Вы заметили, что Эта перестала на своем канале писать? Кто не заметил, то я вам говорю — она перестала писать. Сегодня уже четвертый день, как она ничего не пишет.
А почему?
А потому что она в политику ударилась. Она теперь кажный день митинги митингует и письма матюкальные пишет разным органам. Не спрашивайте, каким органам. Я только слышу, как Эти на кухне совещаются и про органы говорят.
На её месте я бы только в один орган письма с матюками писала — в мозг. Это тоже орган, хоть и незаметный. У Этой точно незаметный. Но я бы всё равно ему письма писала, потому что он у Этой совсем позабыт-позаброшен… аж плакать хочется, насколько всё запущено…
К компьютеру Эта меня не подпускает.

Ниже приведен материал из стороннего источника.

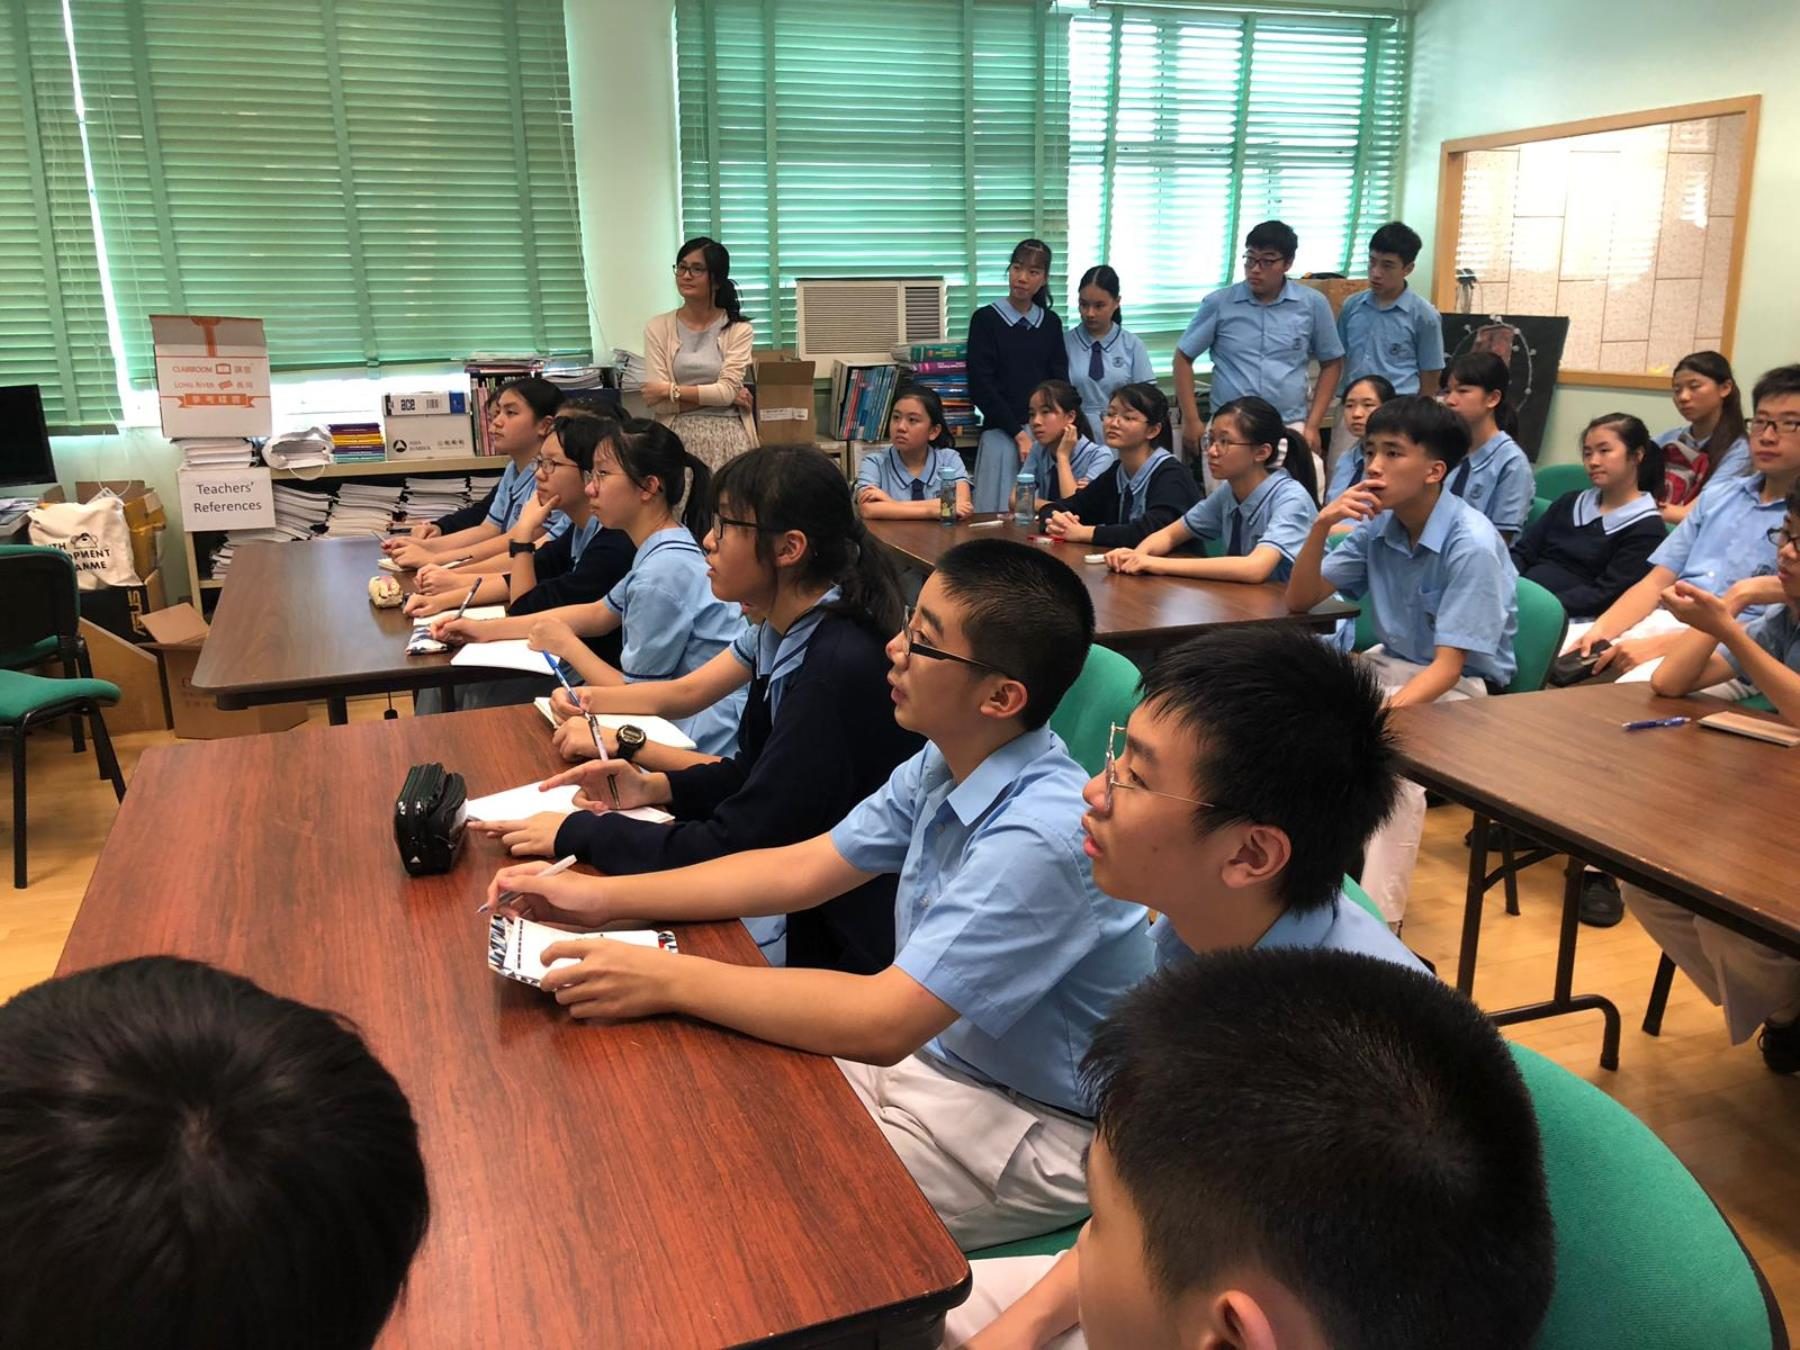 http://npc.edu.hk/sites/default/files/img-20190626-wa0041.jpg

Я ей говорю — «дай, говорю, я вместо тебя напишу! Лапы чешутся!» А она мне — «не дам, опять про меня будешь людям враки врать».
Интересно, когда это я враки врала? У меня всегда чистая правда!

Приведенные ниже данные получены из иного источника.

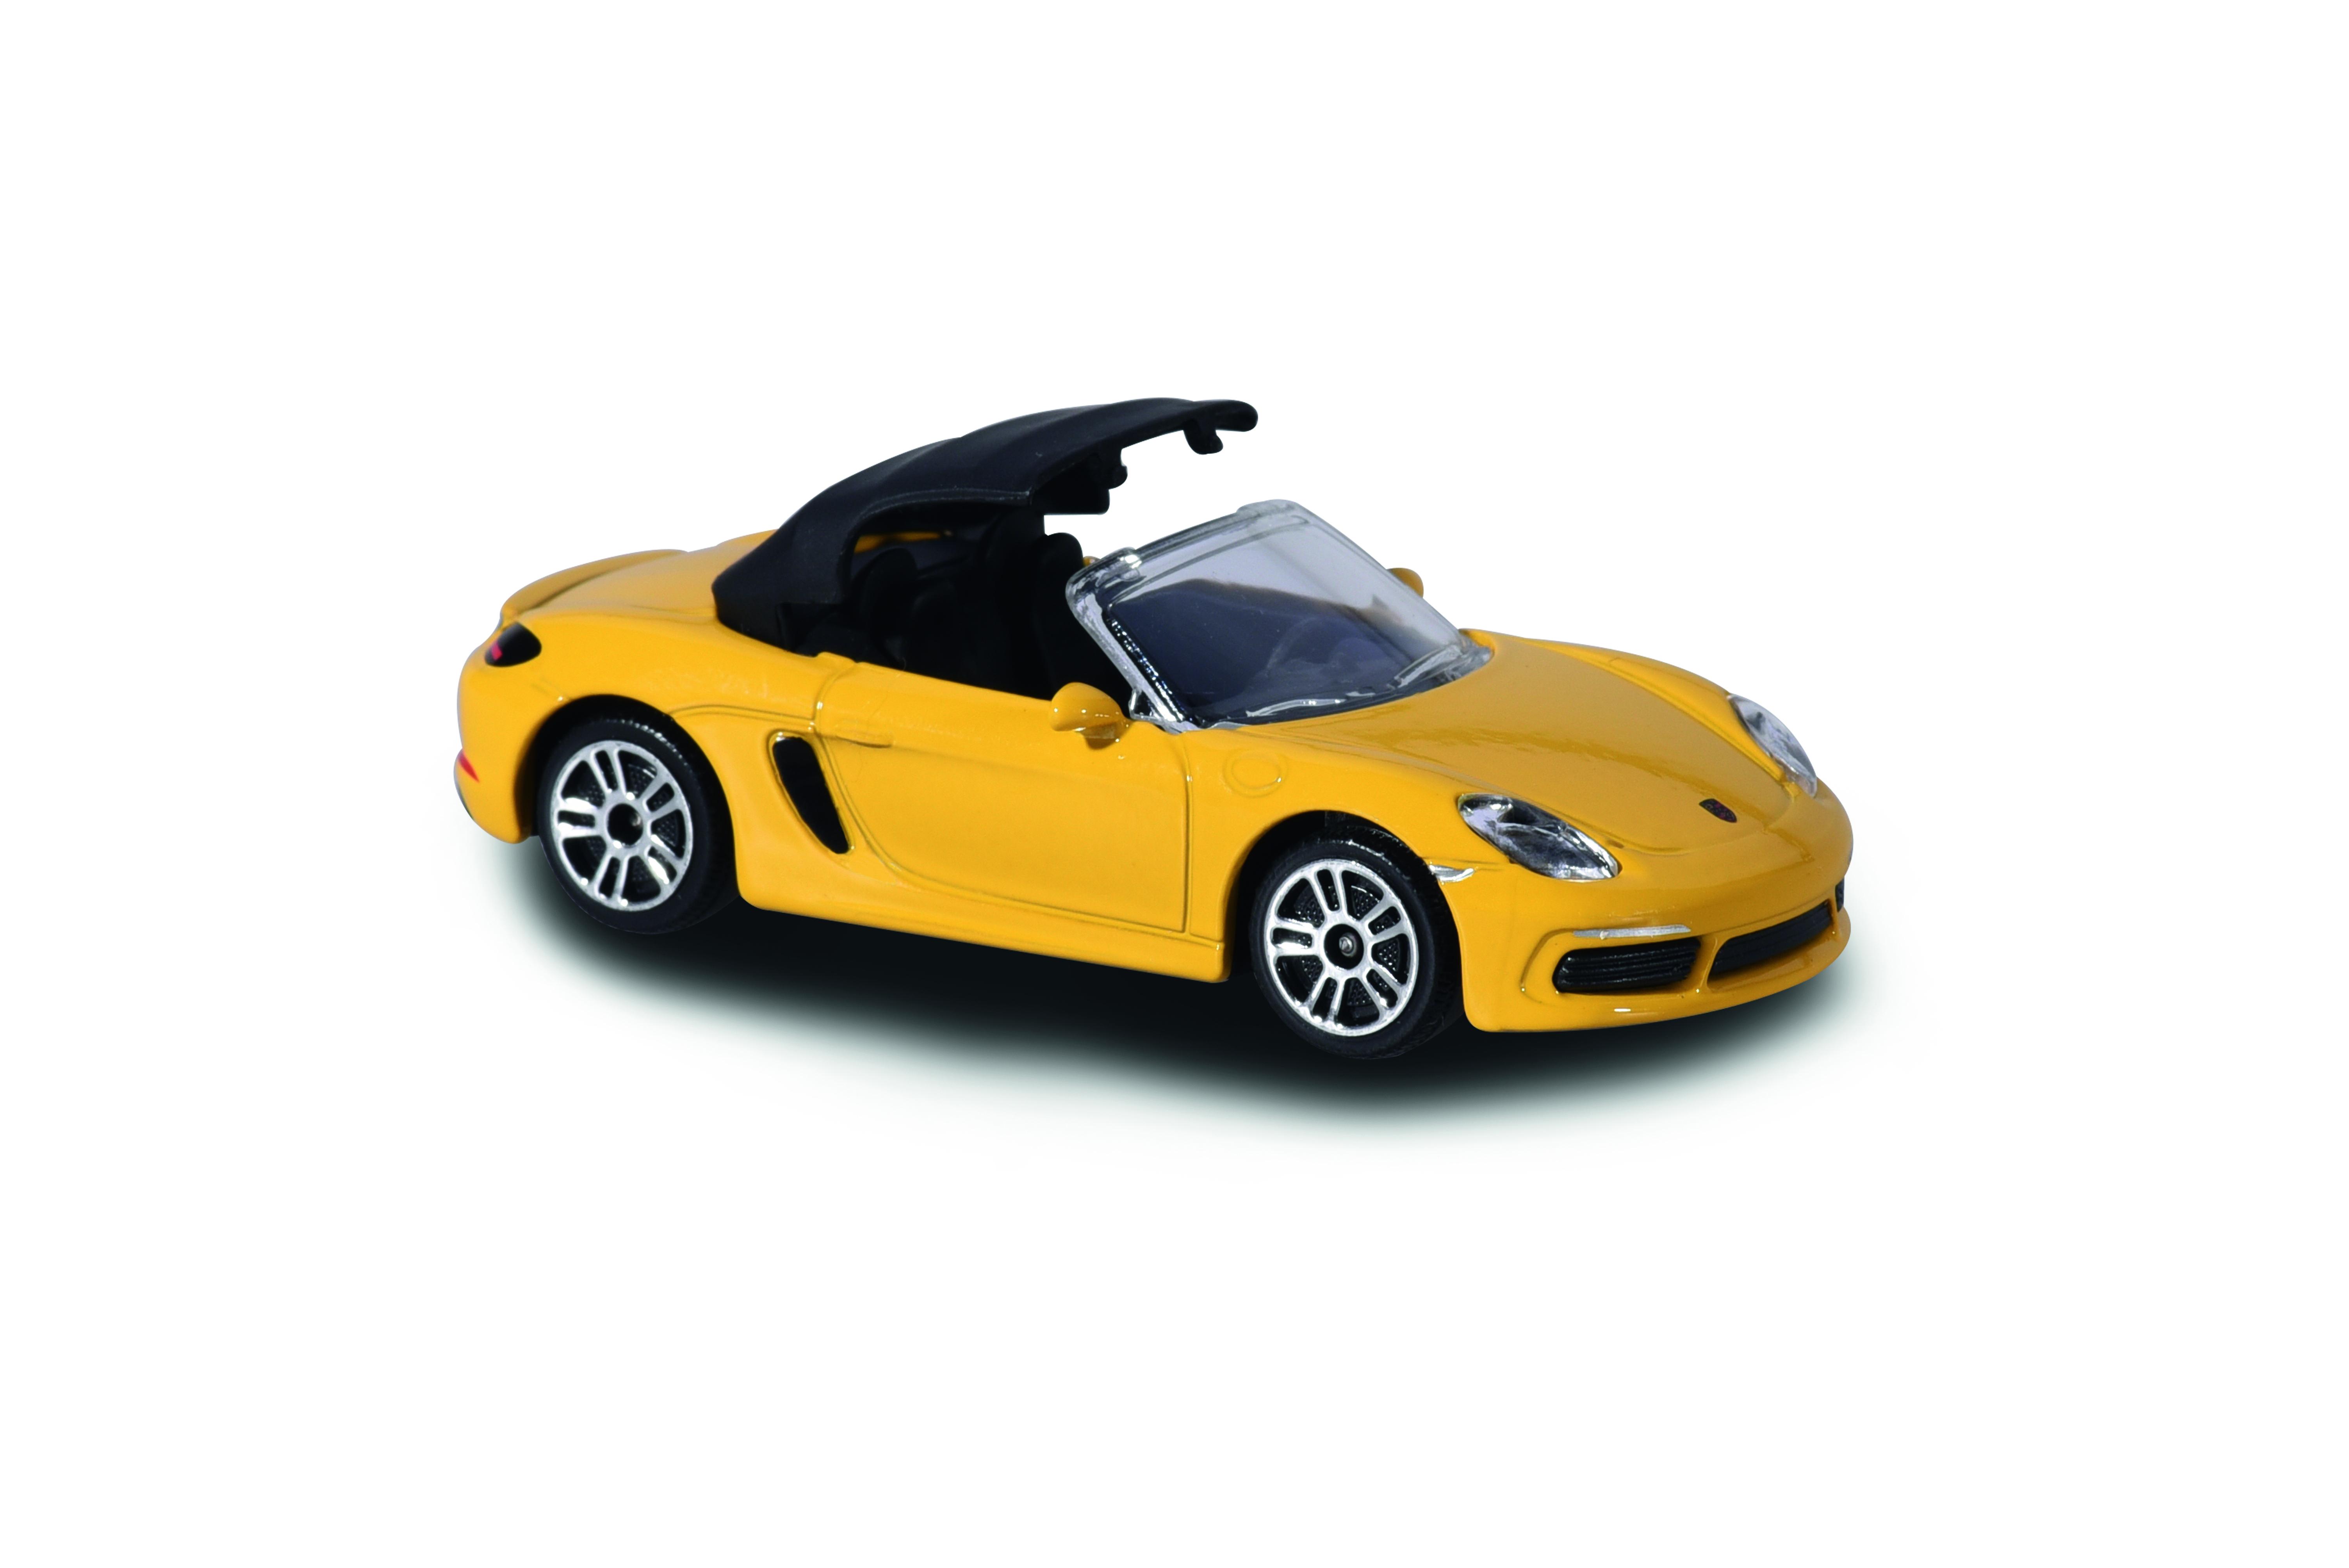 Porsche de Majorette

Сейчас она вся в политике. У нас во дворе сносят старые бараки и Эта вся испереживалась, чтобы их правильно сносили. Общается с соседями, языком молотит, что всё плохо и мы все умрём.
Их таких неравнодушных в нашем доме стопиццот двуногих и несколько собак. Письма пишут, журналистов приглашают, в телевизоре ругаются и в газетах фотографируются радостно на фоне бараков. Вместе с собаками.
Впрочем, мне даже на лапу, что Эта во двор помчалась митинговать. Пока она там языком чешет, я Кубкой компьютер включила и села писать по быстрому.
Сама-то я компьютерный аппарат включить не могу, у меня сил не хватает. А Кубкой очень даже легко можно его включить.
— Эй, тунеядец, иди-ка сюда, — надо ему сказать.
Он, конечно, начнёт спрашивать:
— Зачем?
А сам лодырем лежит на диване и даже голову не повернёт.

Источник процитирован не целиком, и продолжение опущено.